Girly, I am not.
I've never viewed it as a fault, but maybe I need to rethink that.
I mentioned to Rebel last night that I had a skirt. "Just one?" he asked. Like you're supposed to have more than that? And then I thought about all of my girlfriend's closets. I'm pretty sure they all have more than one.
Is it such a bad thing that I don't like dresses or skirts? I mean what's the point? Due to massive ankle damage I can't wear high heels. So is there any point to wearing dresses? Really? After all, they are just not as sexy when you can't wear the shoes to go with, right?
I don't wear any make-up either. Another not-very-girly thing to do (although I personally think it's the reason I look pretty good at almost-40).
What can I say.

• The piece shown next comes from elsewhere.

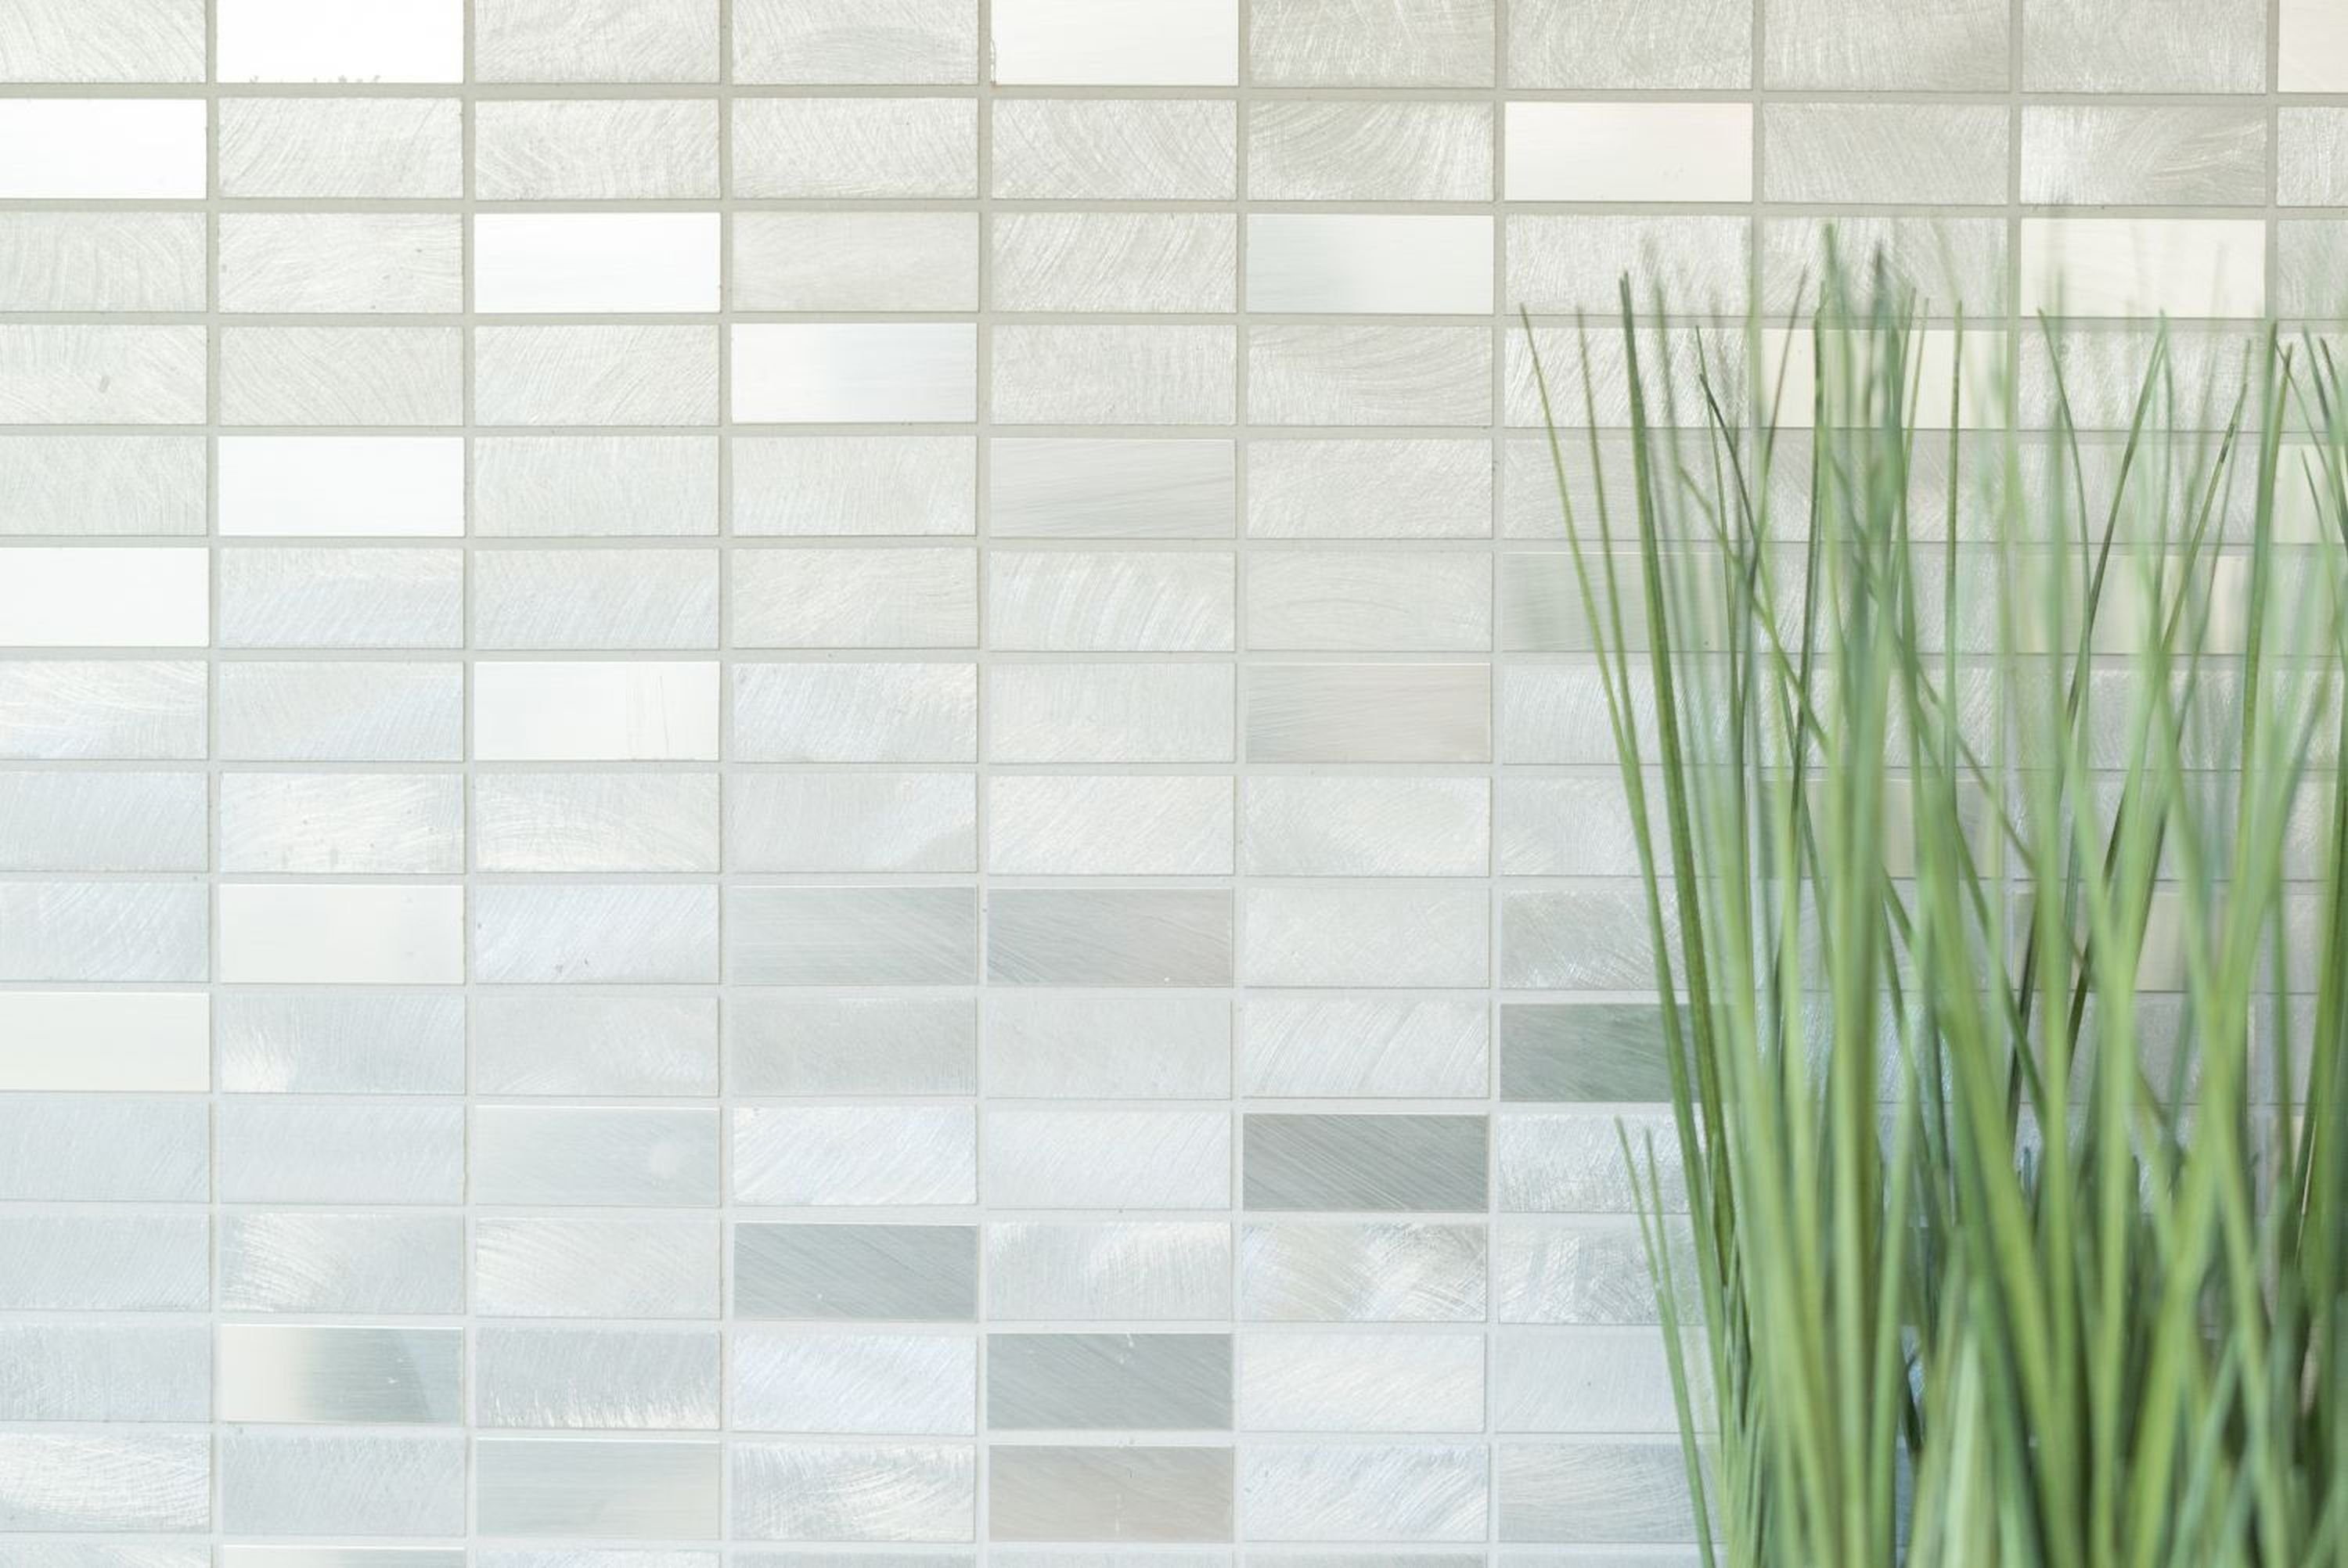 Mosani Mosaikfliesen Mosaik Fliese Aluminium poliert gebürstet Küche silber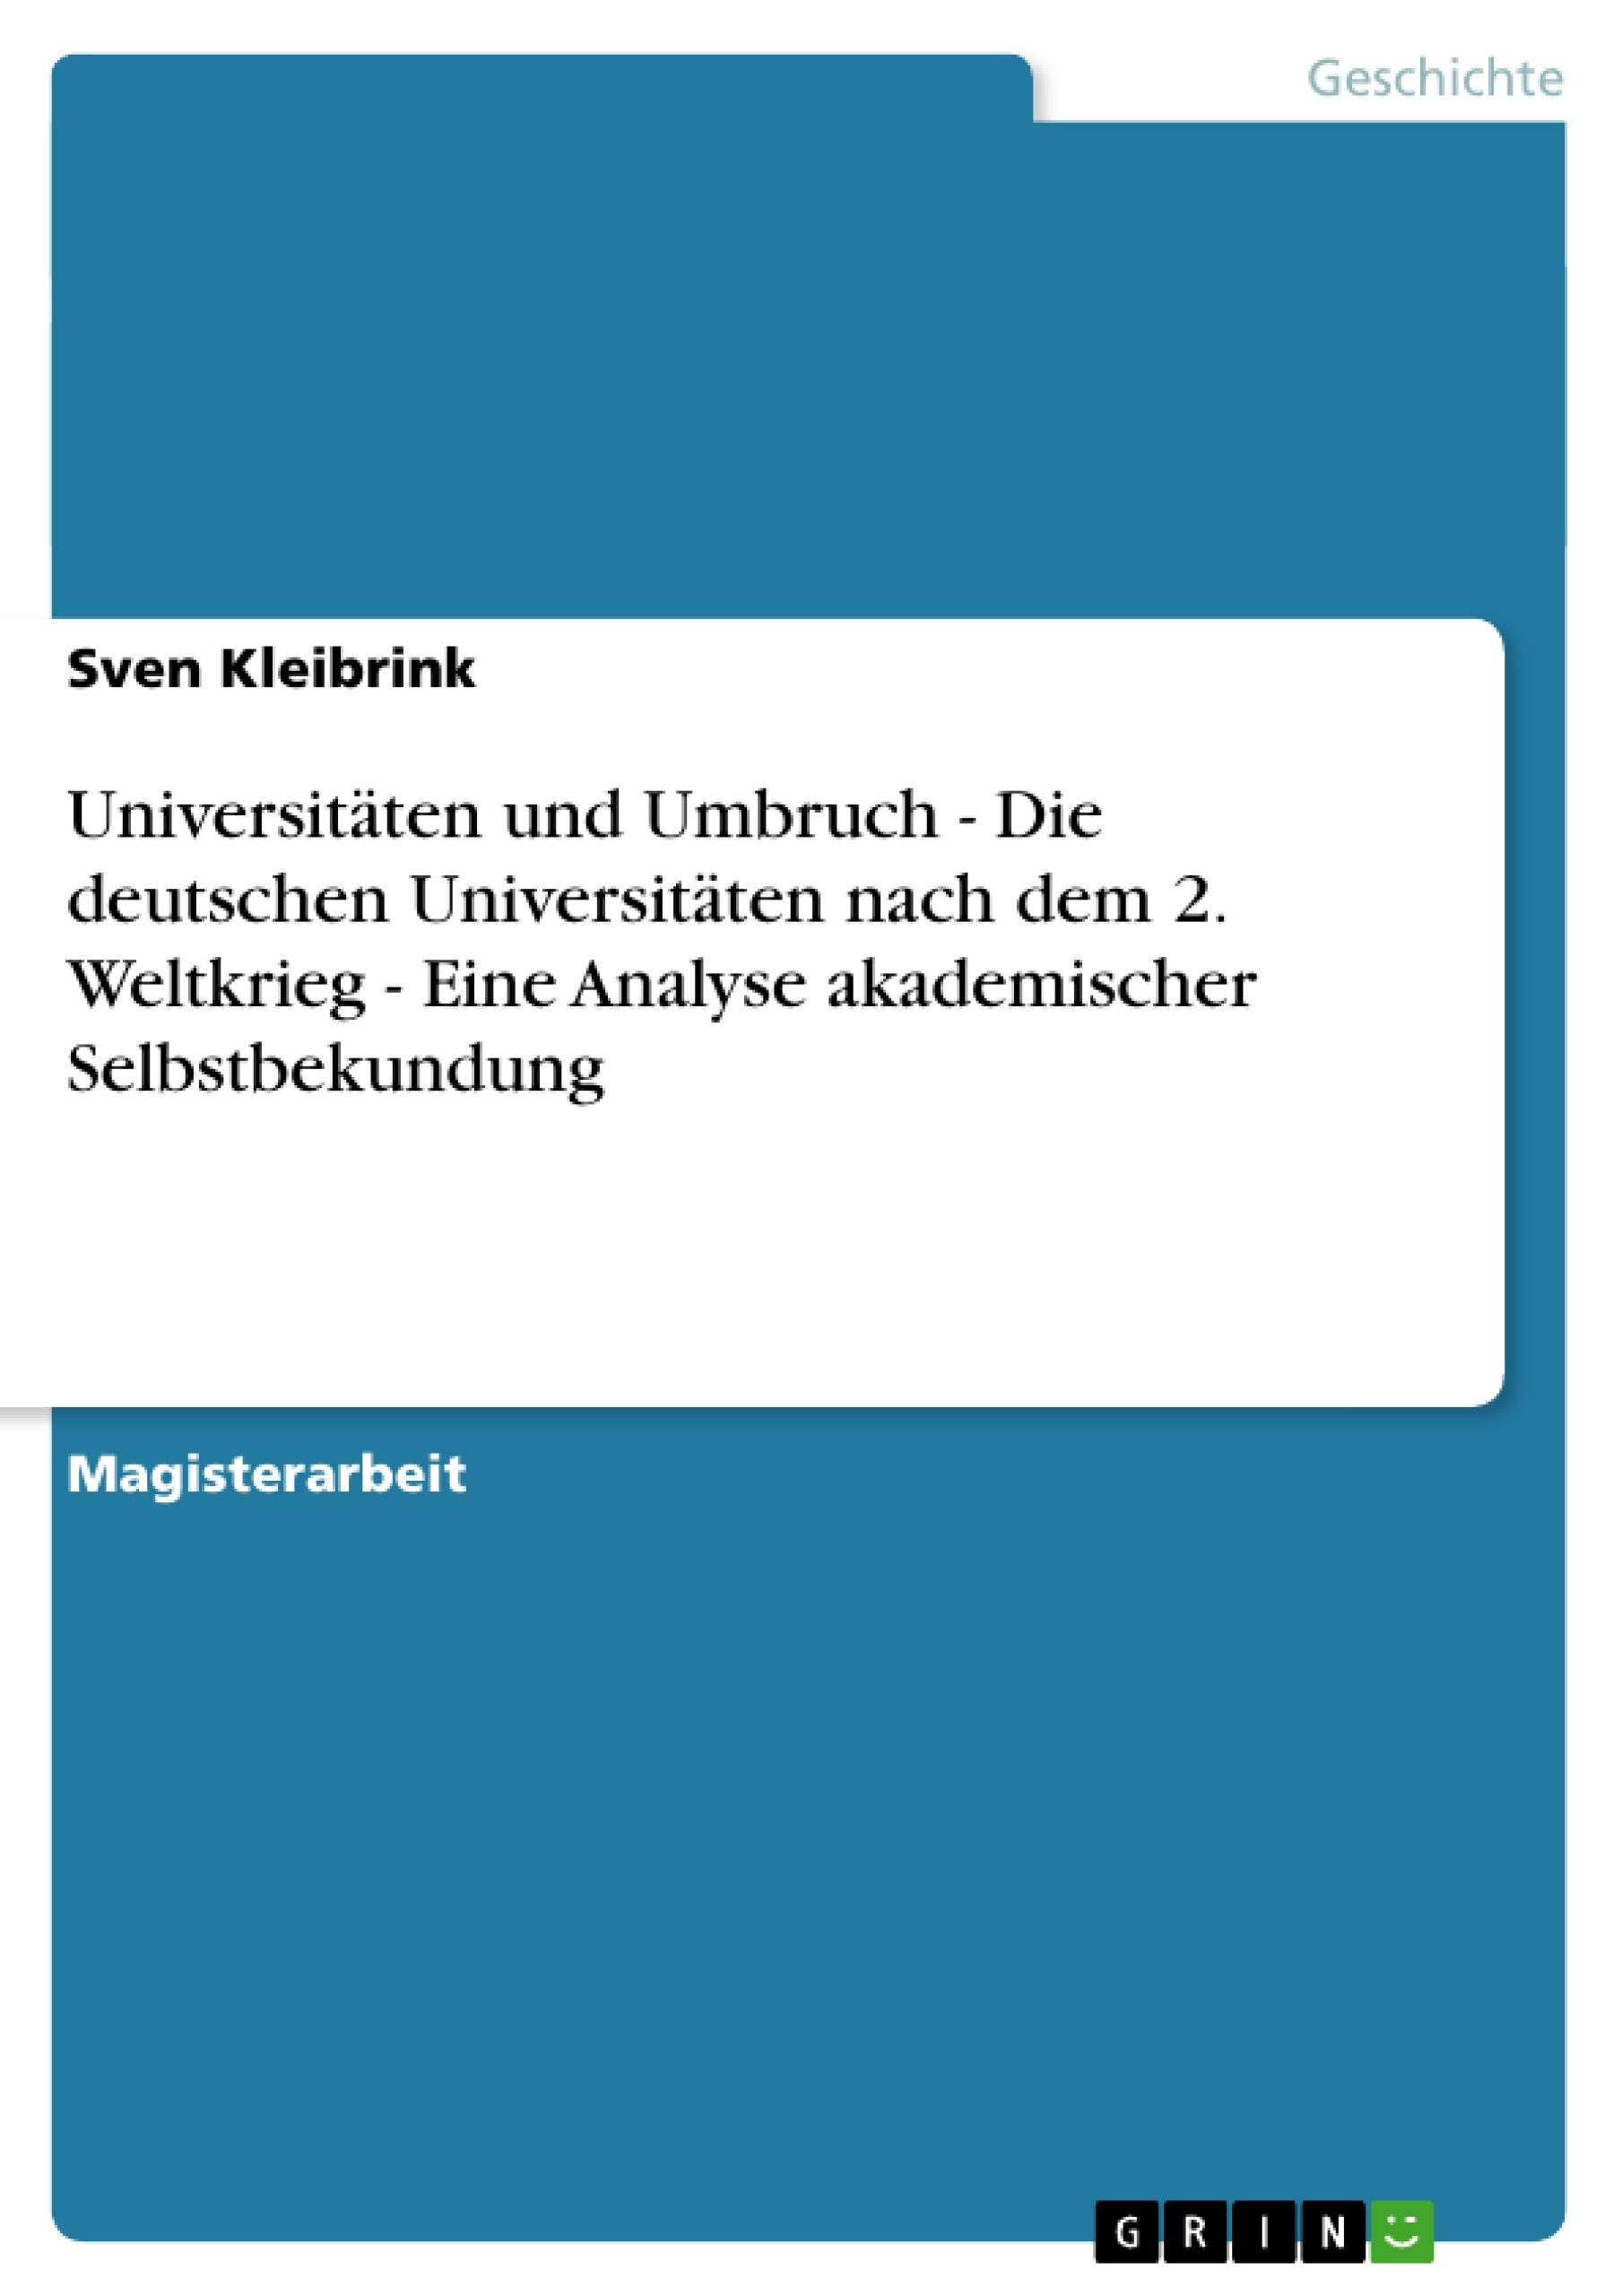 Titel: Universitäten und Umbruch - Die deutschen Universitäten nach dem 2. Weltkrieg - Eine Analyse akademischer Selbstbekundung

I was basically raised like a boy. Being the eldest child in our little hoard of six, I think my dad was expecting... well, not a girl. He didn't know what to do with me. Then when the following 3 behind me turned out to be boys I think I was just doomed.
I do have a sister (who is a little more girly than I am, kinda) but she came along when I was 10 years old and by then it was too late. I hated pink and liked to play in the mud with trucks.
I tried to broach the idea of getting more girly by asking Rebel what we were doing for Valentine's Day. Like a typical male, he has given it no actual thought. How am I supposed to get gussied up if I have nothing to get gussied up for?